Он рассказывал все более и более нервно, сбивчиво, однако главное Званцев понял хорошо. Арестовали прямо в номере, всех троих усадили в автомобиль, отвезли на Мотовилихинский литейный и там, около действующей плавильной печи, застрелили. Трупы бросили в печь. "Один комиссар даже сказал: вот, мол, плавку испортили! А второй ответил: ничего, сойдет и такая. Даже, мол, лучше: с такими лицами внутри..."
- Вы присутствовали? У меня такое впечатление, что вы все видели своими глазами. Может быть, захотите поделиться своими воспоминаниями в нашем журнале?
- Что вы... - скромно потупился. - Незачем. Вам - рассказал. А чтобы делиться с общественностью... Нет.
Рассказ впечатлял. Но в Париже, лет пятнадцать назад, причастные к расследованию офицеры рассказывали иначе. Чтобы проверить, изложил Никодиму Никодимовичу свою версию: в Перми был в те времена умственно отсталый Ганька Мясников, бандит, причастный большевикам (естественно, выражения смягчил). Когда "настоящие коммунисты" арестовали Михаила и его людей - их усадили в закрытый автомобиль и увезли по Торговой улице, к вокзалу. Потом - по Сибирскому тракту в сторону Кунгура, верст восемьдесят. Здесь уже ждал другой автомобиль, с Ганькой. Отъехав немного, остановились у леса, вывели арестованных и углубились в чащу. Здесь Ганька всех и убил... Правда, великий князь пытался сопротивляться - да ведь куда там... Праведная ненависть Гани (так и сказал) сделала свое трудное дело: убили всех и закопали здесь же, пометив самое большое дерево инициалами "М.А.".
И другая версия бытует: мол, монархическая организация увезла всех на моторной лодке в Чардынь, а уж оттуда переправили за границу...

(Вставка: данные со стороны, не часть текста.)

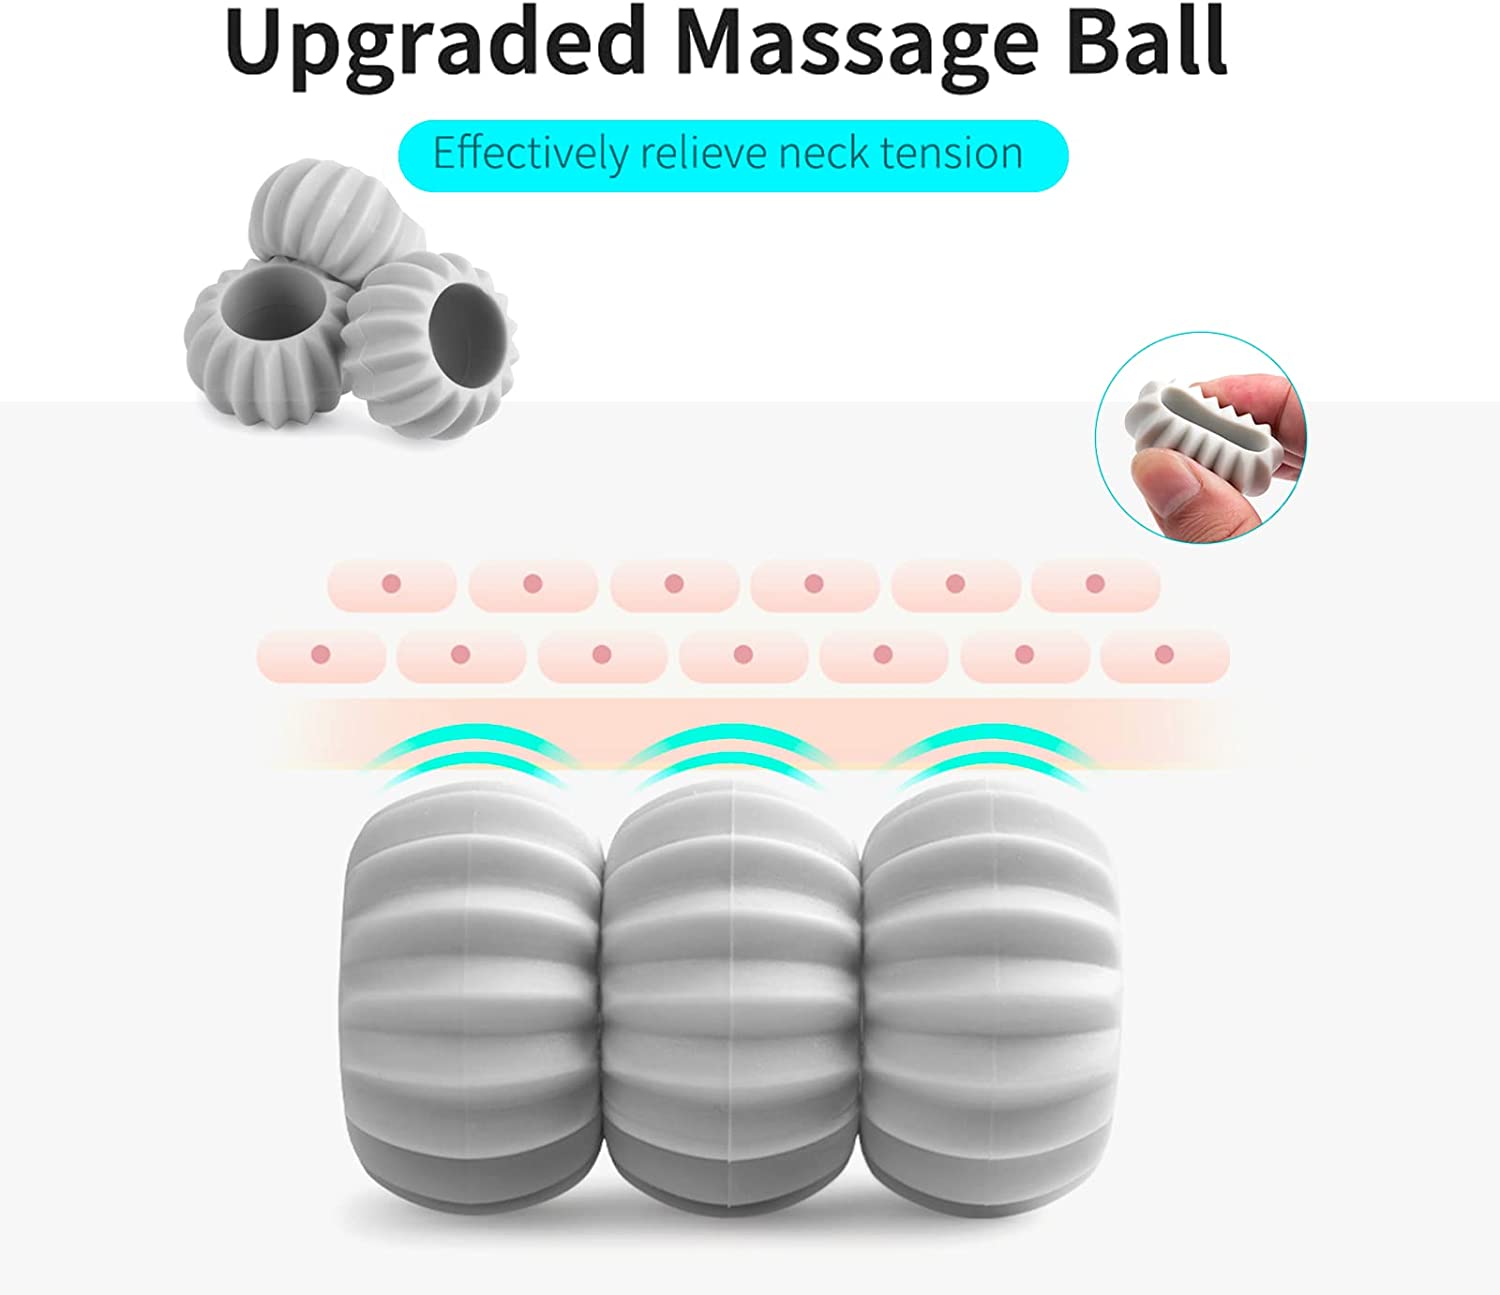 Neck Bud Massager Reviews: Does This Neck Massager Roller

Никодим слушал молча, насмешливая искорка плясала в черном зрачке.
- Да вы ровно и не от нас... - протянул с сомнением. - Ну что вы такое, товарищ начальник, говорите? Ну, притрите к носу: какие монархисты? Да они все в сортирах углубили свои задницы в очко и тряслись мелкой дрожью! Плюньте тому в очи, кто такое рассказывает! Меня как бы обидели, но я горло перегрызу за правду! И другое отметим: ну зачем, посудите сами, тащиться под Кунгур, затевать все эти переезды на заметных авто, если плавильная тут же, под боком! Пых - и без следа! Поехали...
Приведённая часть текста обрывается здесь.